== What you are asked to do ==
Every record is to be transcribed exactly as written.
◇ ◇ ◇ ◇ ◇ ◇ ◇
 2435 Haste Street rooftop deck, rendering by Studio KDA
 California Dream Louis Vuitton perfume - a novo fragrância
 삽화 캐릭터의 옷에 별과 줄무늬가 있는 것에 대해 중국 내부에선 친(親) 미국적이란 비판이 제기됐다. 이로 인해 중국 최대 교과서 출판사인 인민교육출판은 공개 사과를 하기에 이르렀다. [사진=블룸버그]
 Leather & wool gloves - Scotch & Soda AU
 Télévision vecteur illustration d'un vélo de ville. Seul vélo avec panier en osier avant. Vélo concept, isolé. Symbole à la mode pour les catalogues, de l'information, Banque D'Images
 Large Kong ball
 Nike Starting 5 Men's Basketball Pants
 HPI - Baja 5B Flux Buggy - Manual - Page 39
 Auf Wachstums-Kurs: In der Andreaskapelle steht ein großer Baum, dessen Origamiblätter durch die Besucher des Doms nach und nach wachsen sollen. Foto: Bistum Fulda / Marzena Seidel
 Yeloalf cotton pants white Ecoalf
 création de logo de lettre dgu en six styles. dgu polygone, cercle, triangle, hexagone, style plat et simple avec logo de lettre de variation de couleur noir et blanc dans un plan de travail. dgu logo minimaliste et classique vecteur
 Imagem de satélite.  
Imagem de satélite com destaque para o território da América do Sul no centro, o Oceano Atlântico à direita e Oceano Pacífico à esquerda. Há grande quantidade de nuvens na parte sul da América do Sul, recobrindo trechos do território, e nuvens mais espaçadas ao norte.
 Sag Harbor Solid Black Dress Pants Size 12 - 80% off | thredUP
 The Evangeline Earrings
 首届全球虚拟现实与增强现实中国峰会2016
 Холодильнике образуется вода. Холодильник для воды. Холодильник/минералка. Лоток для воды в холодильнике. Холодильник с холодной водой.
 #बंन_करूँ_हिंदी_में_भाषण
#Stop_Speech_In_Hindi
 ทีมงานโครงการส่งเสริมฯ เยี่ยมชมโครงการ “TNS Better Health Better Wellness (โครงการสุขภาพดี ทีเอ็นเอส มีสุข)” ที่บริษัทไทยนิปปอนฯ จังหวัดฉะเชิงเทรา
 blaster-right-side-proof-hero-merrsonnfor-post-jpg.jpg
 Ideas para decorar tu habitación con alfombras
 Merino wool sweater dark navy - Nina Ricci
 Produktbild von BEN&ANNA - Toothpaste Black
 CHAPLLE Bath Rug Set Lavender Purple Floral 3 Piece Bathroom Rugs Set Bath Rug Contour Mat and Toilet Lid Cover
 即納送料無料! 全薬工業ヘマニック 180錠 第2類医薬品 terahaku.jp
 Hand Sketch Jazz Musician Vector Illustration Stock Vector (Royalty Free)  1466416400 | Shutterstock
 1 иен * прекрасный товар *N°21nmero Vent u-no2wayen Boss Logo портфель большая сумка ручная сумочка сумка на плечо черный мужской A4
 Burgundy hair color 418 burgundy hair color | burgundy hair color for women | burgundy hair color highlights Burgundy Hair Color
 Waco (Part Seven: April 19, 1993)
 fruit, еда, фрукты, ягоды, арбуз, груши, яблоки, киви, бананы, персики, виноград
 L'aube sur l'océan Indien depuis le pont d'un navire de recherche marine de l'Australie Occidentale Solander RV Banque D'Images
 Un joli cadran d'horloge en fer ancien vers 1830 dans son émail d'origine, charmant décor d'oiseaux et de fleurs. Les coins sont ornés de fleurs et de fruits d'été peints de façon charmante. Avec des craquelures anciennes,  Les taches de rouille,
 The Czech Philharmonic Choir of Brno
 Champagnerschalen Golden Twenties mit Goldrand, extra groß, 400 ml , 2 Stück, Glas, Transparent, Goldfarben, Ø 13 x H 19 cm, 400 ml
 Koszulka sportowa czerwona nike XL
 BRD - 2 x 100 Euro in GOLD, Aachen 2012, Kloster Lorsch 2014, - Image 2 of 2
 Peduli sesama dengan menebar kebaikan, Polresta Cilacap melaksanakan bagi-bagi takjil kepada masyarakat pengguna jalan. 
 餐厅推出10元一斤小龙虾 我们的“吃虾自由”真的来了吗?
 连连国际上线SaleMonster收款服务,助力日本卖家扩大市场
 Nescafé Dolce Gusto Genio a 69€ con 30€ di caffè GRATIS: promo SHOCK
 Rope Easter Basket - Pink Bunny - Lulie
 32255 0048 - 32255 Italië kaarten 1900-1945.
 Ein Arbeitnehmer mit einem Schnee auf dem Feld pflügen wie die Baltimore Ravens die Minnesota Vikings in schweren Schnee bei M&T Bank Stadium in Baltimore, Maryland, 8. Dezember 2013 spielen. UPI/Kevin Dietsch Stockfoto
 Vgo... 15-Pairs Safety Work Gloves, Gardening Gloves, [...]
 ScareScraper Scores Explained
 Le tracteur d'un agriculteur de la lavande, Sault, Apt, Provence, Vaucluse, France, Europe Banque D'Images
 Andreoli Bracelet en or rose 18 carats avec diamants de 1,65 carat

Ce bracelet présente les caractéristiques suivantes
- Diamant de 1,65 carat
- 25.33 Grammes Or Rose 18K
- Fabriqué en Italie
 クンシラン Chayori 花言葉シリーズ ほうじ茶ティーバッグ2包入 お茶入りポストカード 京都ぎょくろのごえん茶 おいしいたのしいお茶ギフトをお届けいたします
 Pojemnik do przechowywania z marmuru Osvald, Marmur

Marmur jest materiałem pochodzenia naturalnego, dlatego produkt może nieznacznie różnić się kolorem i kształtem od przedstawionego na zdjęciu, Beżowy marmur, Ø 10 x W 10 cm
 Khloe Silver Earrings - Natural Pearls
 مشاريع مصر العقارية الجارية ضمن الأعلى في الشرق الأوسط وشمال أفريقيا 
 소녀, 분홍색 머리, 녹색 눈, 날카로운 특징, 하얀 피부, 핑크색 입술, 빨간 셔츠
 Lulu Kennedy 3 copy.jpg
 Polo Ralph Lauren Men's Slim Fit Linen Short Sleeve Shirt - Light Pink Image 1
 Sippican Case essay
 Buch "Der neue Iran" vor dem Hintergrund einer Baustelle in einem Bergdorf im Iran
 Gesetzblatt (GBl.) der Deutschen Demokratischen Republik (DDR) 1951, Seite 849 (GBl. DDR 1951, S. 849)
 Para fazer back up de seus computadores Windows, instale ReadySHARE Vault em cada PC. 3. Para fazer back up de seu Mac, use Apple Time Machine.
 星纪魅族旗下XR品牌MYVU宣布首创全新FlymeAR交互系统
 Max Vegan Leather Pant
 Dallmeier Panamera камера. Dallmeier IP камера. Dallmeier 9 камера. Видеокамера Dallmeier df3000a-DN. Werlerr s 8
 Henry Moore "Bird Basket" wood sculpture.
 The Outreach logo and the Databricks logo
◇ ◇ ◇ ◇ ◇ ◇ ◇
== Your solution ==
 2435 Haste Street rooftop deck, rendering by Studio KDA
 California Dream Louis Vuitton perfume - a novo fragrância
 삽화 캐릭터의 옷에 별과 줄무늬가 있는 것에 대해 중국 내부에선 친(親) 미국적이란 비판이 제기됐다. 이로 인해 중국 최대 교과서 출판사인 인민교육출판은 공개 사과를 하기에 이르렀다. [사진=블룸버그]
 Leather & wool gloves - Scotch & Soda AU
 Télévision vecteur illustration d'un vélo de ville. Seul vélo avec panier en osier avant. Vélo concept, isolé. Symbole à la mode pour les catalogues, de l'information, Banque D'Images
 Large Kong ball
 Nike Starting 5 Men's Basketball Pants
 HPI - Baja 5B Flux Buggy - Manual - Page 39
 Auf Wachstums-Kurs: In der Andreaskapelle steht ein großer Baum, dessen Origamiblätter durch die Besucher des Doms nach und nach wachsen sollen. Foto: Bistum Fulda / Marzena Seidel
 Yeloalf cotton pants white Ecoalf
 création de logo de lettre dgu en six styles. dgu polygone, cercle, triangle, hexagone, style plat et simple avec logo de lettre de variation de couleur noir et blanc dans un plan de travail. dgu logo minimaliste et classique vecteur
 Imagem de satélite.  
Imagem de satélite com destaque para o território da América do Sul no centro, o Oceano Atlântico à direita e Oceano Pacífico à esquerda. Há grande quantidade de nuvens na parte sul da América do Sul, recobrindo trechos do território, e nuvens mais espaçadas ao norte.
 Sag Harbor Solid Black Dress Pants Size 12 - 80% off | thredUP
 The Evangeline Earrings
 首届全球虚拟现实与增强现实中国峰会2016
 Холодильнике образуется вода. Холодильник для воды. Холодильник/минералка. Лоток для воды в холодильнике. Холодильник с холодной водой.
 #बंन_करूँ_हिंदी_में_भाषण
#Stop_Speech_In_Hindi
 ทีมงานโครงการส่งเสริมฯ เยี่ยมชมโครงการ “TNS Better Health Better Wellness (โครงการสุขภาพดี ทีเอ็นเอส มีสุข)” ที่บริษัทไทยนิปปอนฯ จังหวัดฉะเชิงเทรา
 blaster-right-side-proof-hero-merrsonnfor-post-jpg.jpg
 Ideas para decorar tu habitación con alfombras
 Merino wool sweater dark navy - Nina Ricci
 Produktbild von BEN&ANNA - Toothpaste Black
 CHAPLLE Bath Rug Set Lavender Purple Floral 3 Piece Bathroom Rugs Set Bath Rug Contour Mat and Toilet Lid Cover
 即納送料無料! 全薬工業ヘマニック 180錠 第2類医薬品 terahaku.jp
 Hand Sketch Jazz Musician Vector Illustration Stock Vector (Royalty Free)  1466416400 | Shutterstock
 1 иен * прекрасный товар *N°21nmero Vent u-no2wayen Boss Logo портфель большая сумка ручная сумочка сумка на плечо черный мужской A4
 Burgundy hair color 418 burgundy hair color | burgundy hair color for women | burgundy hair color highlights Burgundy Hair Color
 Waco (Part Seven: April 19, 1993)
 fruit, еда, фрукты, ягоды, арбуз, груши, яблоки, киви, бананы, персики, виноград
 L'aube sur l'océan Indien depuis le pont d'un navire de recherche marine de l'Australie Occidentale Solander RV Banque D'Images
 Un joli cadran d'horloge en fer ancien vers 1830 dans son émail d'origine, charmant décor d'oiseaux et de fleurs. Les coins sont ornés de fleurs et de fruits d'été peints de façon charmante. Avec des craquelures anciennes,  Les taches de rouille,
 The Czech Philharmonic Choir of Brno
 Champagnerschalen Golden Twenties mit Goldrand, extra groß, 400 ml , 2 Stück, Glas, Transparent, Goldfarben, Ø 13 x H 19 cm, 400 ml
 Koszulka sportowa czerwona nike XL
 BRD - 2 x 100 Euro in GOLD, Aachen 2012, Kloster Lorsch 2014, - Image 2 of 2
 Peduli sesama dengan menebar kebaikan, Polresta Cilacap melaksanakan bagi-bagi takjil kepada masyarakat pengguna jalan. 
 餐厅推出10元一斤小龙虾 我们的“吃虾自由”真的来了吗?
 连连国际上线SaleMonster收款服务,助力日本卖家扩大市场
 Nescafé Dolce Gusto Genio a 69€ con 30€ di caffè GRATIS: promo SHOCK
 Rope Easter Basket - Pink Bunny - Lulie
 32255 0048 - 32255 Italië kaarten 1900-1945.
 Ein Arbeitnehmer mit einem Schnee auf dem Feld pflügen wie die Baltimore Ravens die Minnesota Vikings in schweren Schnee bei M&T Bank Stadium in Baltimore, Maryland, 8. Dezember 2013 spielen. UPI/Kevin Dietsch Stockfoto
 Vgo... 15-Pairs Safety Work Gloves, Gardening Gloves, [...]
 ScareScraper Scores Explained
 Le tracteur d'un agriculteur de la lavande, Sault, Apt, Provence, Vaucluse, France, Europe Banque D'Images
 Andreoli Bracelet en or rose 18 carats avec diamants de 1,65 carat

Ce bracelet présente les caractéristiques suivantes
- Diamant de 1,65 carat
- 25.33 Grammes Or Rose 18K
- Fabriqué en Italie
 クンシラン Chayori 花言葉シリーズ ほうじ茶ティーバッグ2包入 お茶入りポストカード 京都ぎょくろのごえん茶 おいしいたのしいお茶ギフトをお届けいたします
 Pojemnik do przechowywania z marmuru Osvald, Marmur

Marmur jest materiałem pochodzenia naturalnego, dlatego produkt może nieznacznie różnić się kolorem i kształtem od przedstawionego na zdjęciu, Beżowy marmur, Ø 10 x W 10 cm
 Khloe Silver Earrings - Natural Pearls
 مشاريع مصر العقارية الجارية ضمن الأعلى في الشرق الأوسط وشمال أفريقيا 
 소녀, 분홍색 머리, 녹색 눈, 날카로운 특징, 하얀 피부, 핑크색 입술, 빨간 셔츠
 Lulu Kennedy 3 copy.jpg
 Polo Ralph Lauren Men's Slim Fit Linen Short Sleeve Shirt - Light Pink Image 1
 Sippican Case essay
 Buch "Der neue Iran" vor dem Hintergrund einer Baustelle in einem Bergdorf im Iran
 Gesetzblatt (GBl.) der Deutschen Demokratischen Republik (DDR) 1951, Seite 849 (GBl. DDR 1951, S. 849)
 Para fazer back up de seus computadores Windows, instale ReadySHARE Vault em cada PC. 3. Para fazer back up de seu Mac, use Apple Time Machine.
 星纪魅族旗下XR品牌MYVU宣布首创全新FlymeAR交互系统
 Max Vegan Leather Pant
 Dallmeier Panamera камера. Dallmeier IP камера. Dallmeier 9 камера. Видеокамера Dallmeier df3000a-DN. Werlerr s 8
 Henry Moore "Bird Basket" wood sculpture.
 The Outreach logo and the Databricks logo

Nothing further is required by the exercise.